FIG. 1 is a block diagram showing a structure example of a mobile communications system 1 concerning the embodiments. The mobile communications system 1 includes a base station 200 that constitutes a cell 300, and a mobile station 100 that is present in the cell 300. The mobile station 100 includes a radio parameter control unit 110, a transceiver unit 120, an antenna 130, and a radio parameter selecting unit 140. The base station 200 includes an antenna 210, a transceiver unit 220, a communication quality recognizing unit 230, and a radio parameter determining unit 240. Hereafter, operations of the mobile communications system 1 are explained.

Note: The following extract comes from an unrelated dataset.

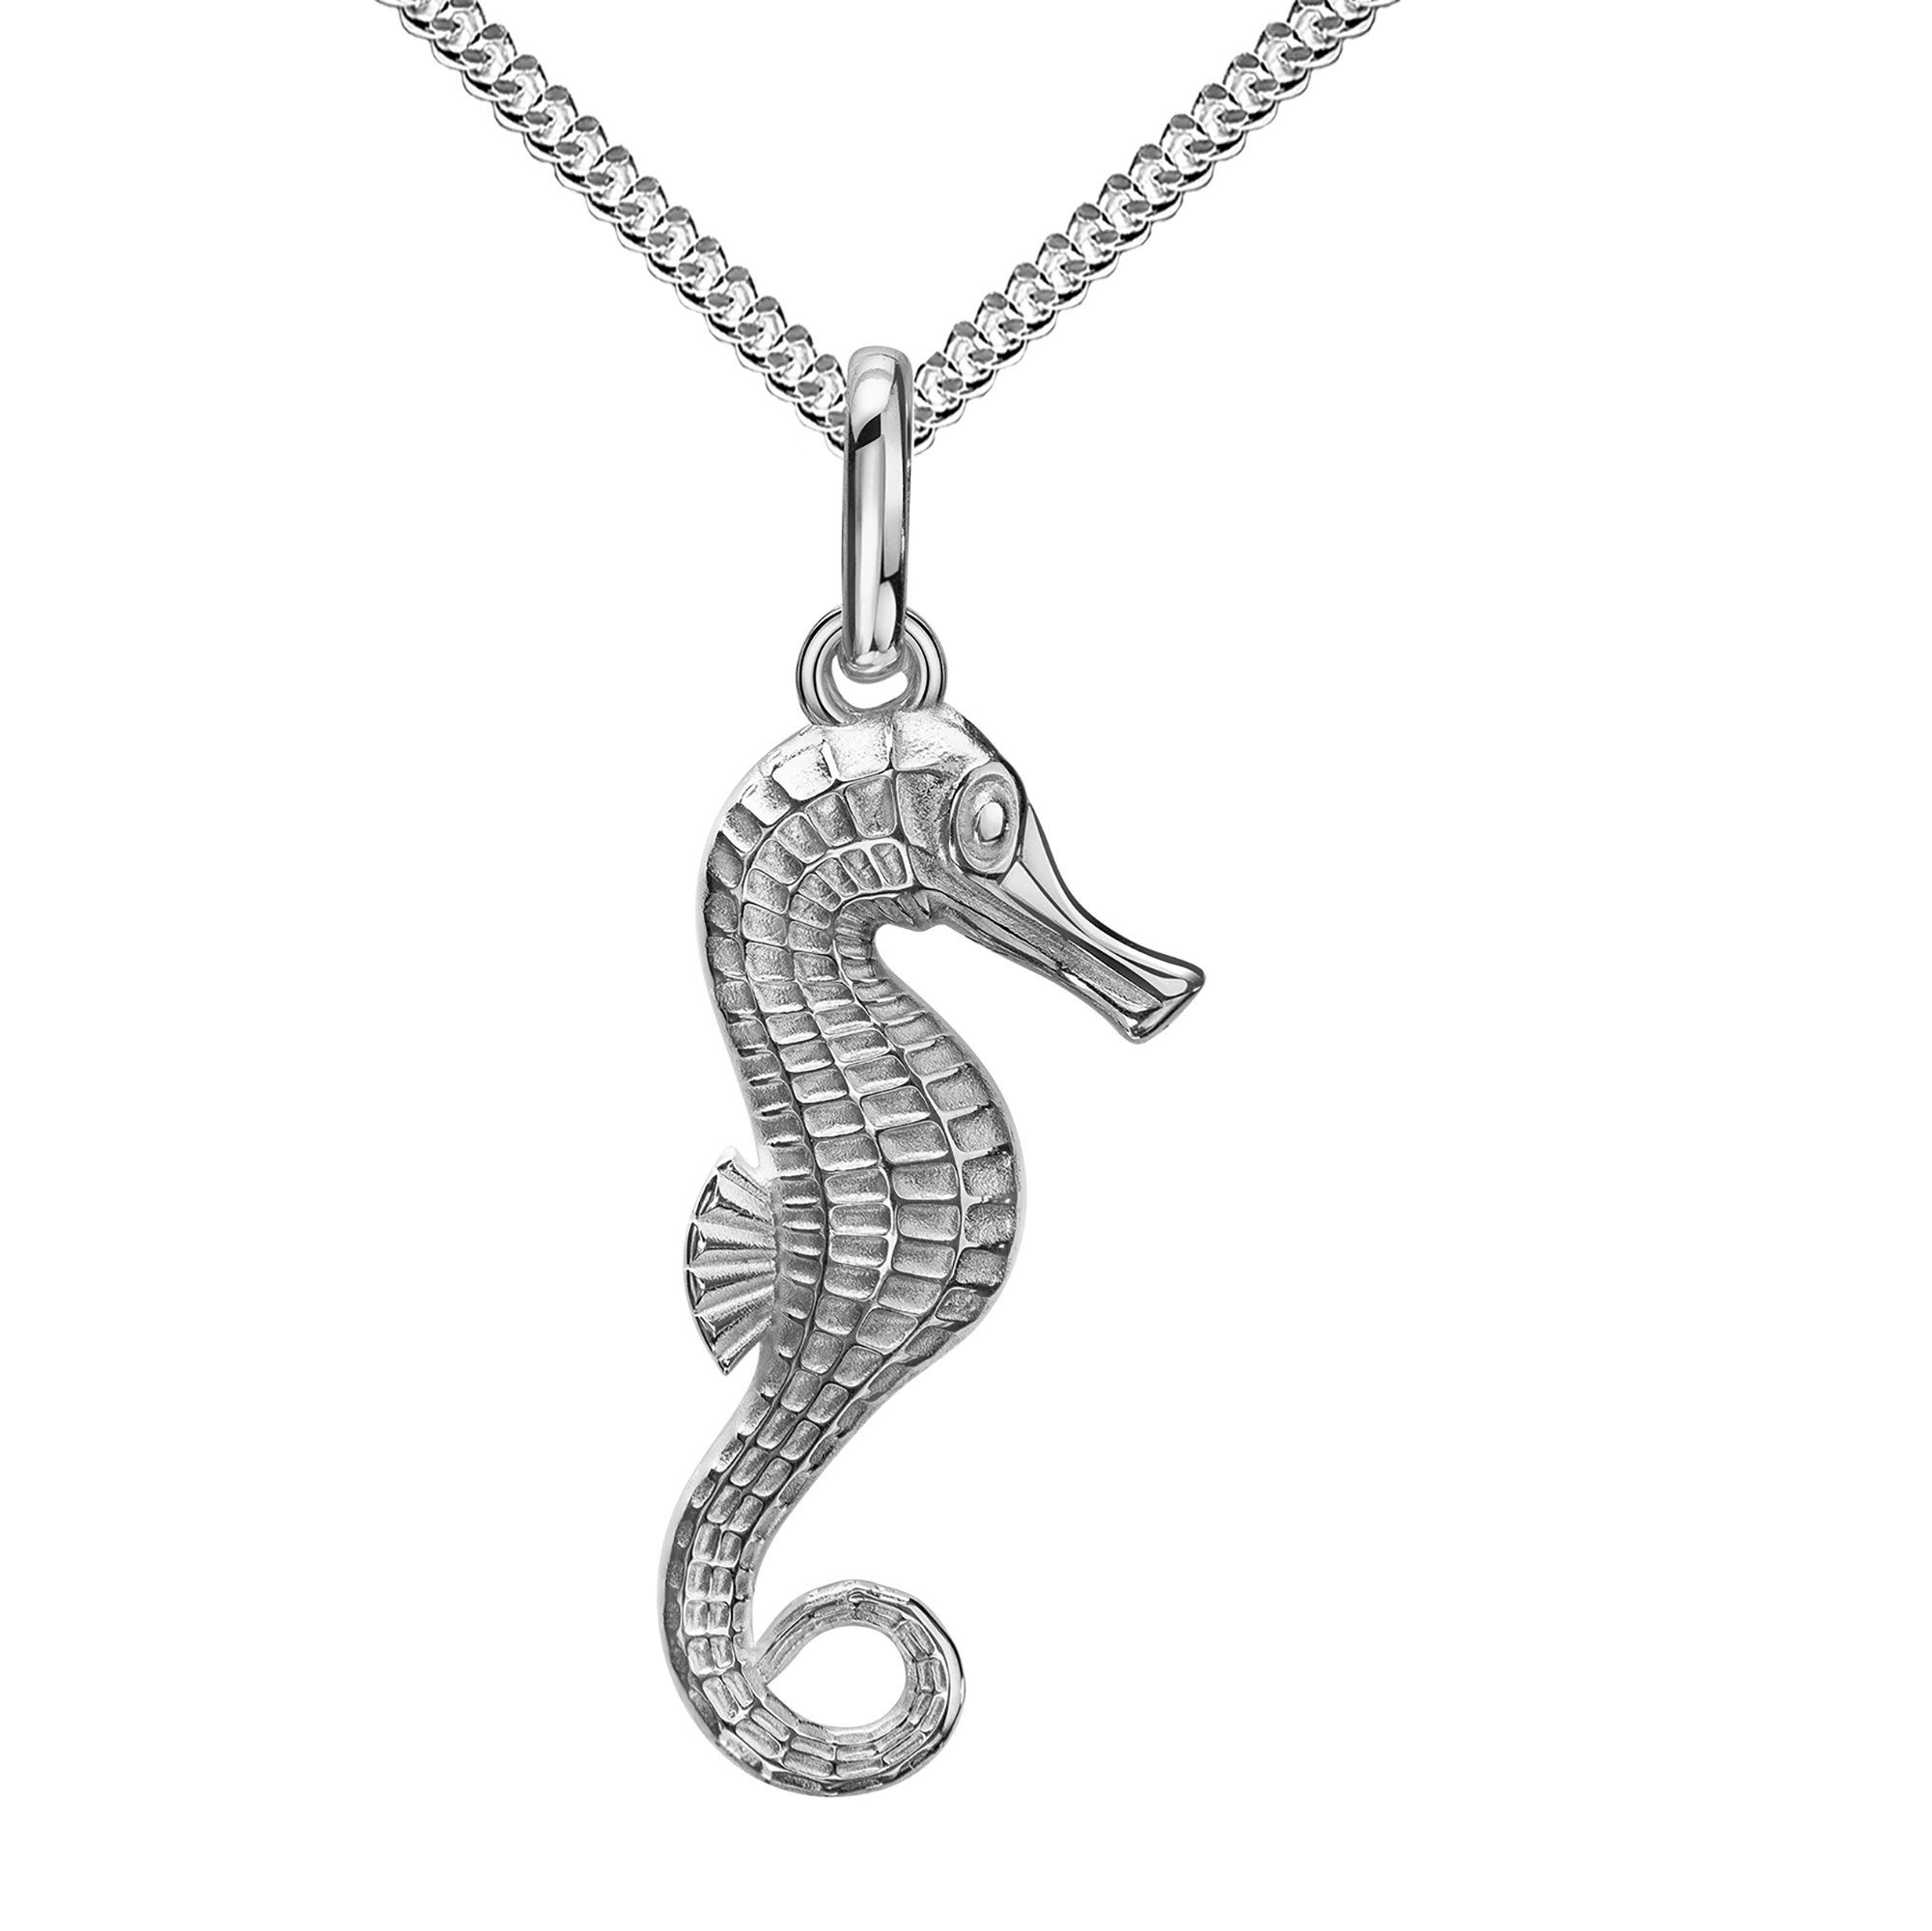 JEVELION Kette mit Anhänger Seepferdchen Anhänger Silber (Silberanhänger, für Damen und Kinder), Mit Silberkette 925 - Länge wählbar 36 - 70 cm.

The First Embodiment of the Present Invention

FIG. 2 is a sequence diagram showing operations of the mobile communications system 1 according to the first embodiment of the present invention. The radio parameter control unit 110 of the mobile station 100 controls a radio parameter for reservation request signal transmission, and requests communication with the base station 200, in advance of transmitting a data packet, according to communication quality required by the data packet transmission (Step S101). At this time, the radio parameter control unit 110 of the mobile station 100 controls the radio parameter such that the system capacity is maximized, while satisfying the communication quality required by the data packet transmission.

Next, the transceiver unit 120 of the mobile station 100 transmits the reservation request signal, for which the radio parameter is controlled, to the base station 200 through the antenna 130. The transceiver unit 220 of the base station 200 receives the reservation request signal through the antenna 210 (Step S102). Then, the transceiver unit 220 of the base station 200 transmits a reservation reply signal to the mobile station 100 through the antenna 210 in response to the received reservation request signal. The reservation reply signal contains information about transmitting timing of the data packet of the mobile station 100. The transceiver unit 120 of the mobile station 100 receives the reservation reply signal through the antenna 130 (Step S103). In addition, if the reservation reply signal is not received within a predetermined period after transmitting the reservation request signal, the transceiver unit 120 of the mobile station 100 retransmits the reservation request signal.

The radio parameter control unit 110 of the mobile station 100 controls the radio parameter for data packet transmission according to the communication quality required by the data packet transmission, when the transceiver unit 120 receives the reservation reply signal (Step S104). At this time, as at Step S101, the radio parameter control unit 110 of the mobile station 100 controls the radio parameter such that the system capacity is maximized, while satisfying the communication quality required by the data packet transmission.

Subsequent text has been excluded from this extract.